Saturday, 25 February 2017
Movie Review: Nine Months (1995)
In San Francisco, child psychologist Sam (Grant) and ballet teacher Becky (Julianne Moore) are in a seemingly perfect long-term relationship. When she announces an unexpected pregnancy, Sam is frazzled and feels unready. His attitude is not helped by constant accidental interactions with the chaotic family of Marty and Gail (Tom Arnold and Joan Cusack), who have three kids and a fourth on the way. Sam's friend Sean (Jeff Goldblum), a struggling yet sophisticated artist, is also not a fan of babyhood, having just broken off a relationship to avoid becoming a father.
As the pregnancy progresses, Becky becomes more committed to the idea of having a child, while all Sam can focus on is the loss of his independence and the fundamental changes to their lifestyle. The couple reach a crisis point, not helped by the seemingly incompetent efforts of Dr. Kosevich (Robin Williams), a recent Russian immigrant with limited vocabulary.
Directed and co-written by Chris Columbus, Nine Months was Hugh Grant's first studio-backed Hollywood production. The film is perhaps overstuffed with Grant's signature mannerisms of rapid blinking, eye-shifting, stuttering and off-handed cynicisms, but overall this is a comedy that benefits from his talent and establishes the Grant screen persona as the likable but boyish urbane man who refuses to grow up.
In its more serious moments Nine Months preys on the theme of men unwilling to mature.

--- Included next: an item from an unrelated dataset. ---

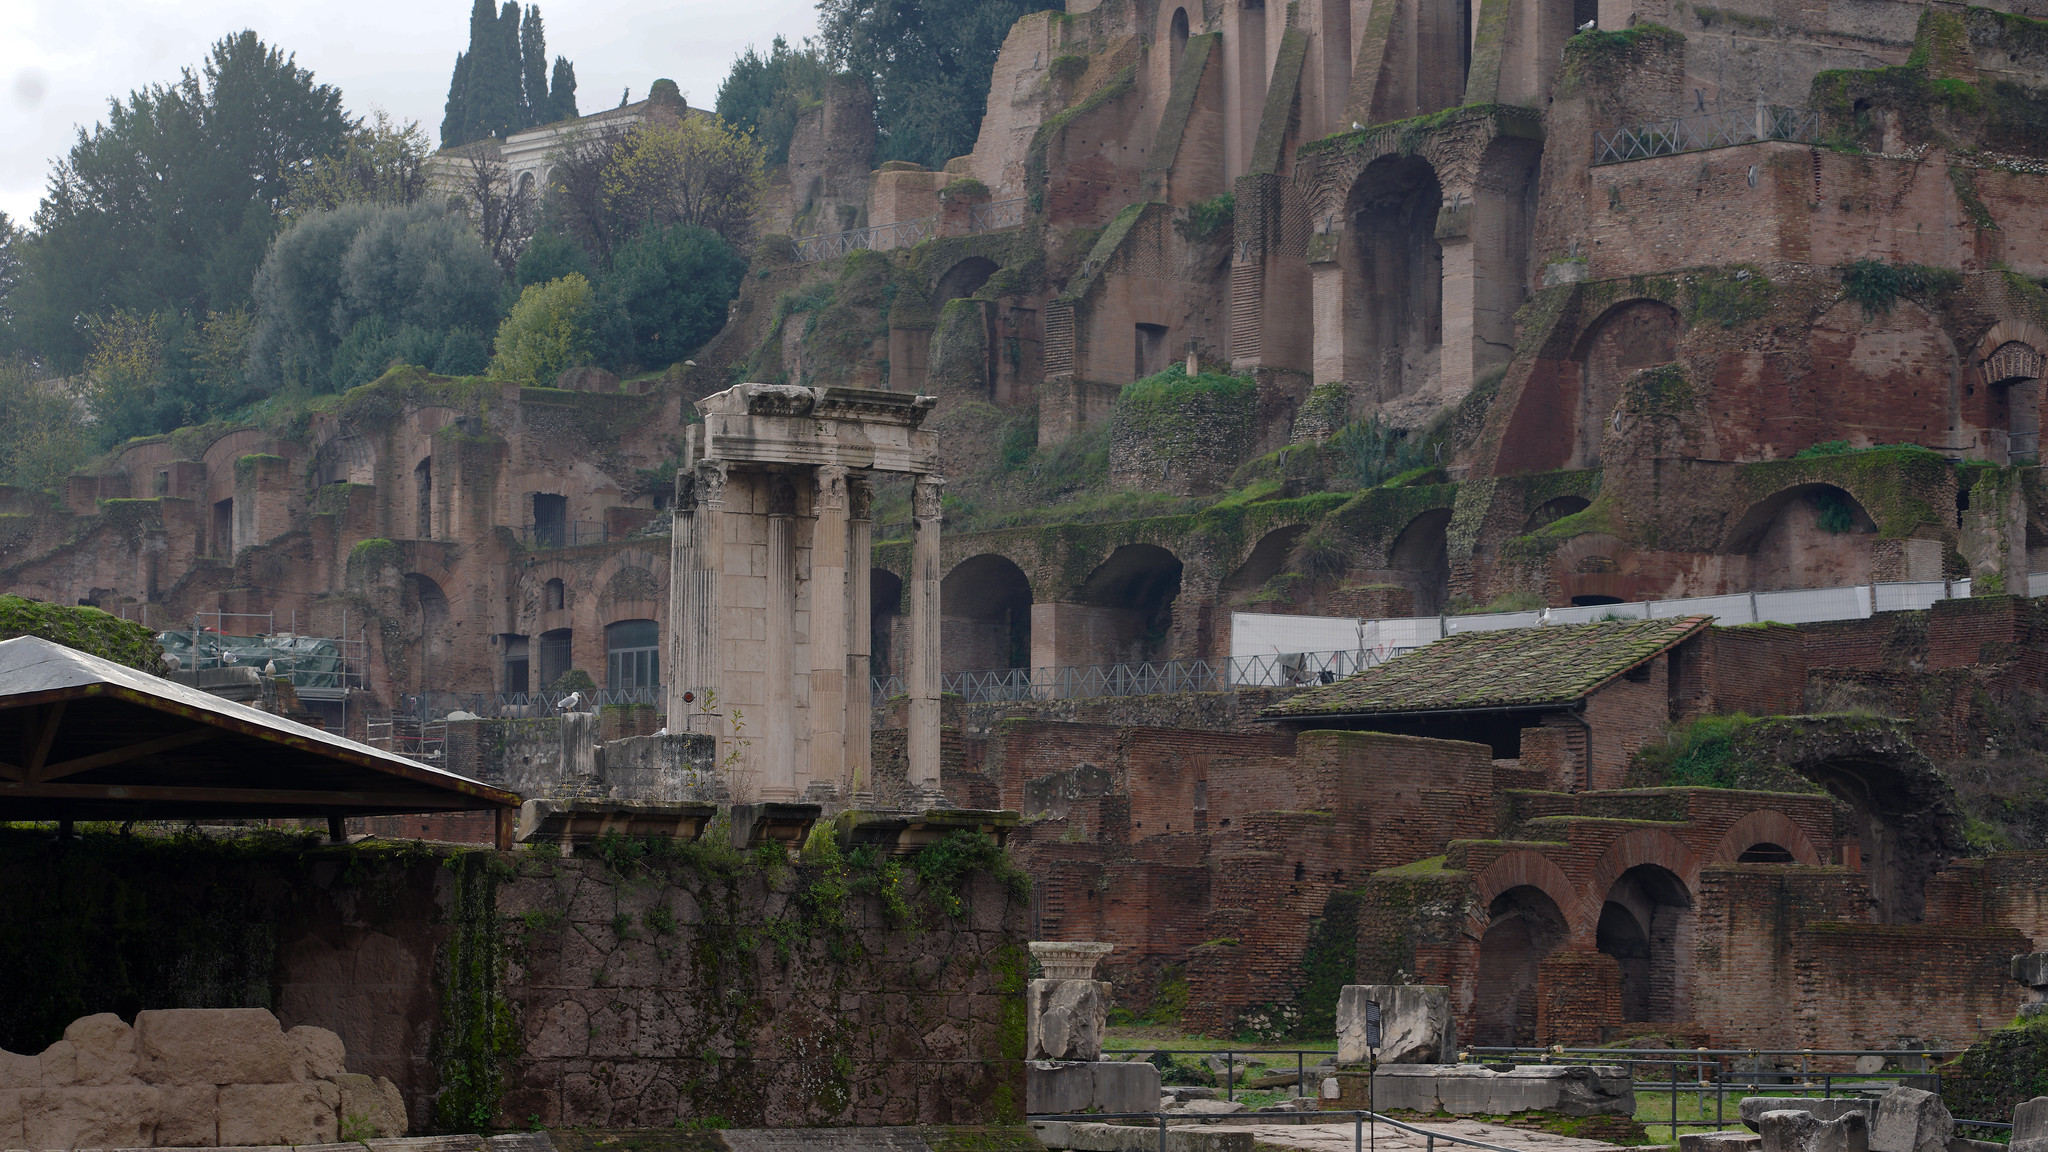 A Renaissance scholar helps build virtual Rome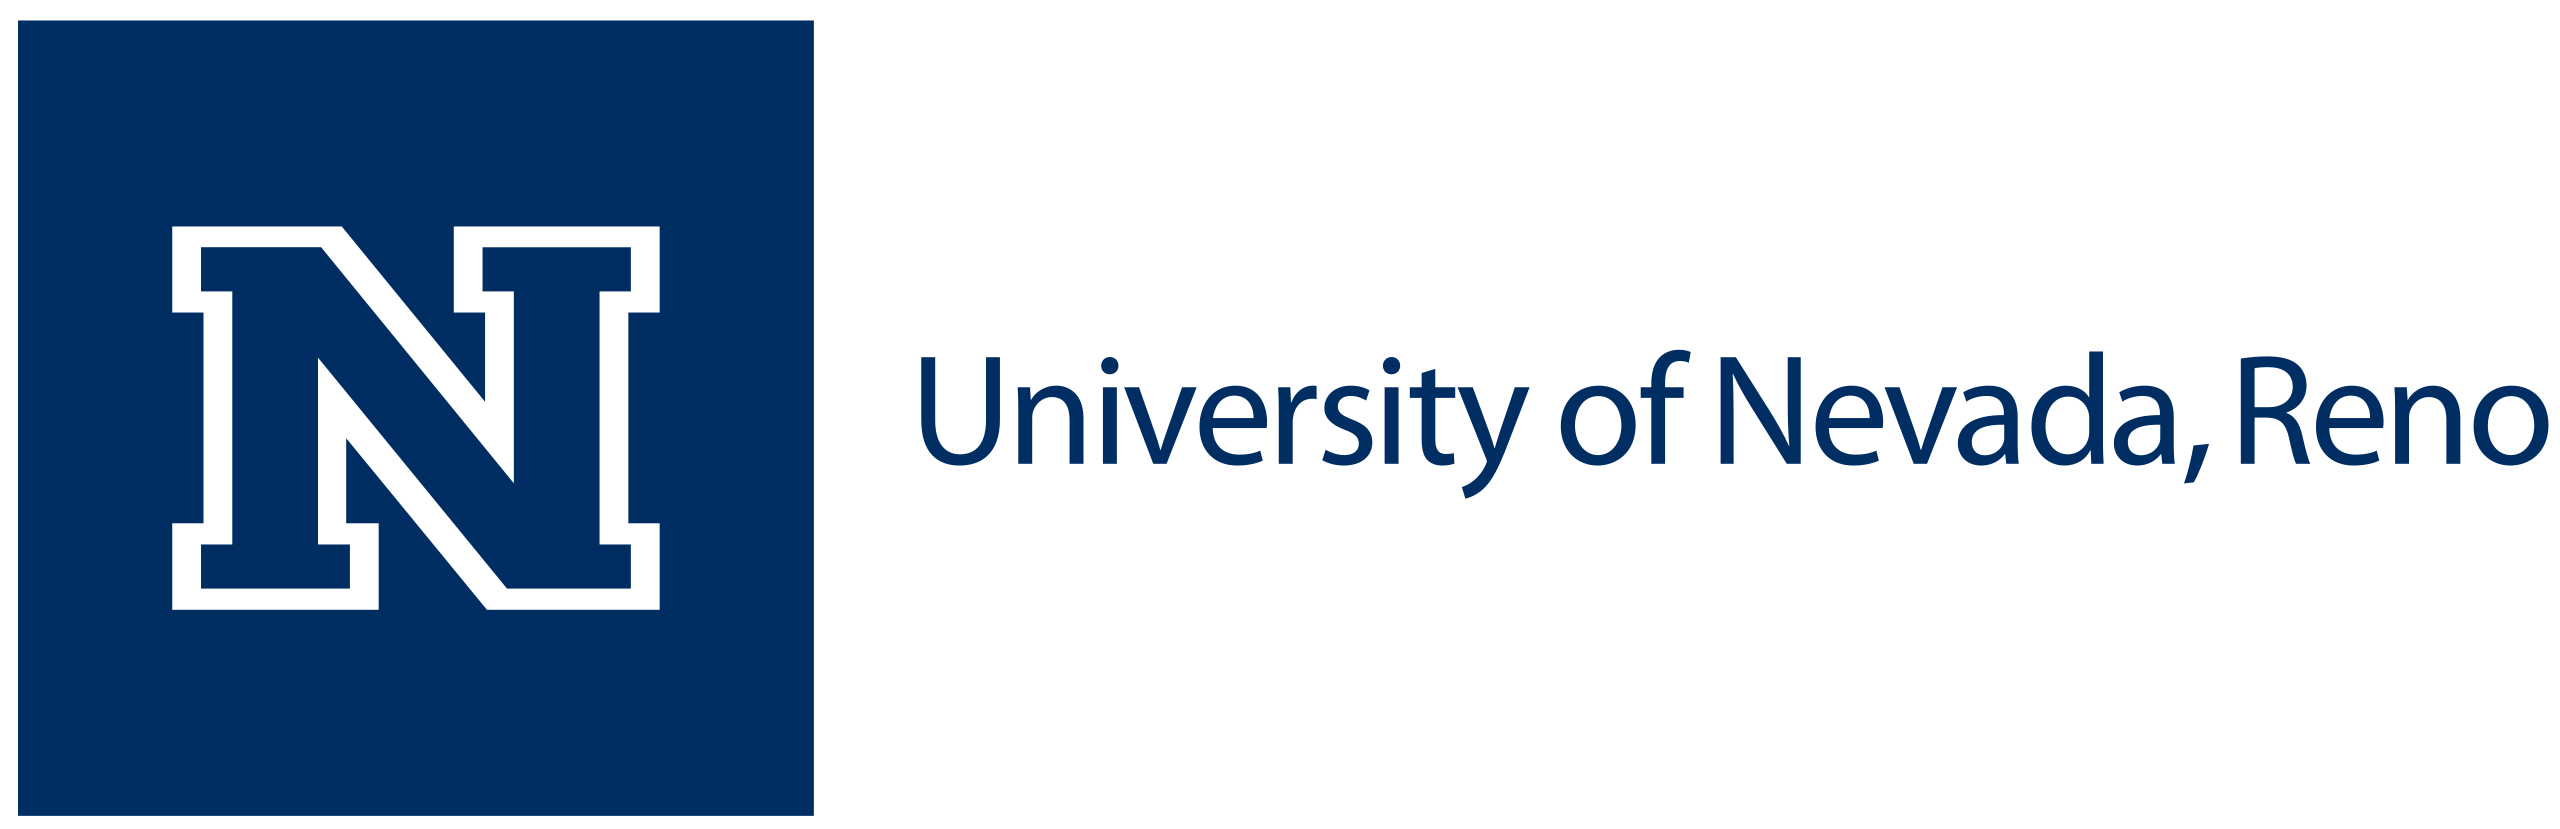 Logo for University of Nevada, Reno

Sam is at the peak of his youth's fantasy, enjoying being in love, an emerging career, a new sports car and a beautiful woman by his side. The concept of abandoning what appears to be perfection to dive into the world of fatherhood is terrifying, and not made any easier by his superficial observations of what appears to be the anarchy of families in the full swing of parenting. His transformation is of course linear and predictable, but Columbus makes the most of a natural and widespread anxiety.
The cast members provide strong support. Moore registers as a woman fully embracing impending motherhood and unafraid to make difficult decisions when needed. Robin Williams has just the two prominent scenes but is unforgettable as Dr. Kosevich, while Jeff Goldblum delivers another version of his superficially smooth expert roles, gradually revealing Sean as a king of nothing.
Nine Months captures the emotional disarray of pregnancy: the gestation period is long, if for no other reason than to allow men to catch up with the drastic changes to come.